Let us examine the cat variables in more detail: how many categories are there in each variable, how many samples of each categry are there etc.

In [None]:
for cat_col in cat_cols:
    print (cat_col, len(df1[df1['target'] == 0][cat_col].value_counts()), len(df1[df1['target'] == 1][cat_col].value_counts()))

Since ps_car_11_cat has so many categories, we will exclude it from our analysis for now.

In [None]:
cat_cols.remove('ps_car_11_cat')

In [None]:
types_sum = df1[cat_cols].apply(pd.Series.value_counts)
ax = types_sum.T.plot(kind='bar', figsize=(15, 7), fontsize=12)

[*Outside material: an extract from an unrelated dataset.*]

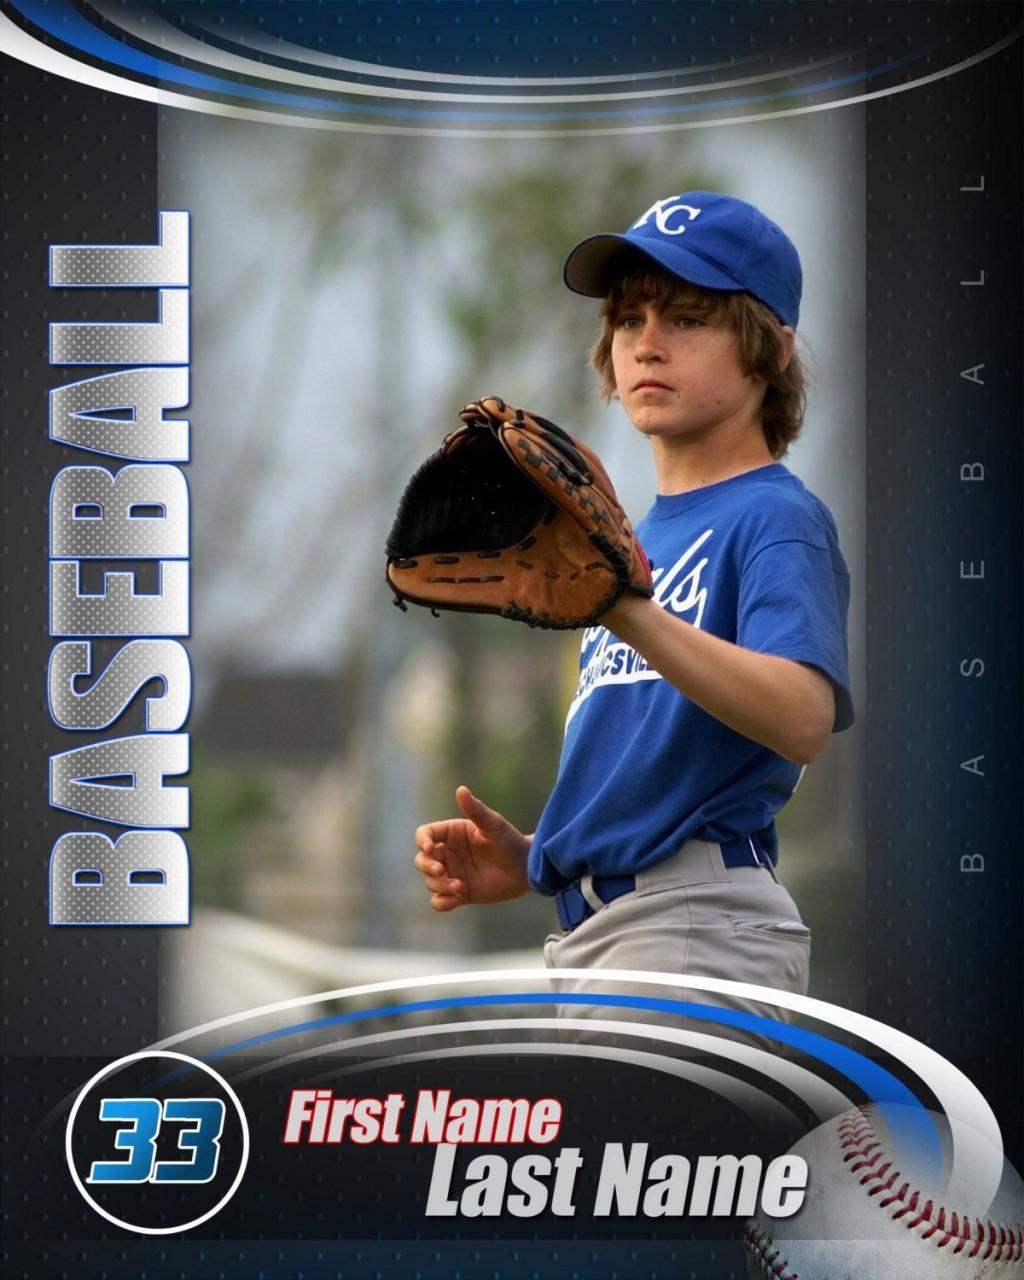 000 Imposing Baseball Card Template Photoshop Concept  Topp FreeLarge

Some cat variables are actually binary! **ps_ind_04_cat, ps_car_02_cat, ps_car_03_cat, ps_car_05_cat, ps_car_07_cat **and** ps_car_08_cat**.

**ps_car_03_cat** seems to have a lot of NaNs, so does not seem very useful for analysis.

Now let us examine the variable ps_car_11_cat in more detail.

In [None]:
plt.figure(figsize=(15, 8))
df["ps_car_11_cat"].value_counts().plot(kind='bar')

Category 104 has by far the most samples in the training dataset. This actually seems like an ordinal variable!

Let us add it back to our original list.

In [None]:
cat_cols += ['ps_car_11_cat']

Now let us check the other columns, which are ordinal or continous.

In [None]:
for col in other_cols:
    plt.figure()
    sns.distplot(df1[col].dropna());

There are only 4 continous columns!

> The graphs for **ps_calc_01, ps_calc_02 and ps_calc_03** look very similar-are the values actually same?

In [None]:
arr1 = ['ps_calc_01', 'ps_calc_02', 'ps_calc_03']
df1[arr1].head(10)

No!

Coming back to **ps_car_11**, we see that **ps_car_11** has only 7 categories, while **ps_car_11_cat** had 104! It seems likely that the labels for the two variables are interchanged.

I will try to do some more analysis when I get time (distribution of NaNs, relation of different variables to the target etc) and also some feature engineering and modelling. 

Till then, please let me know your comments and suggetions!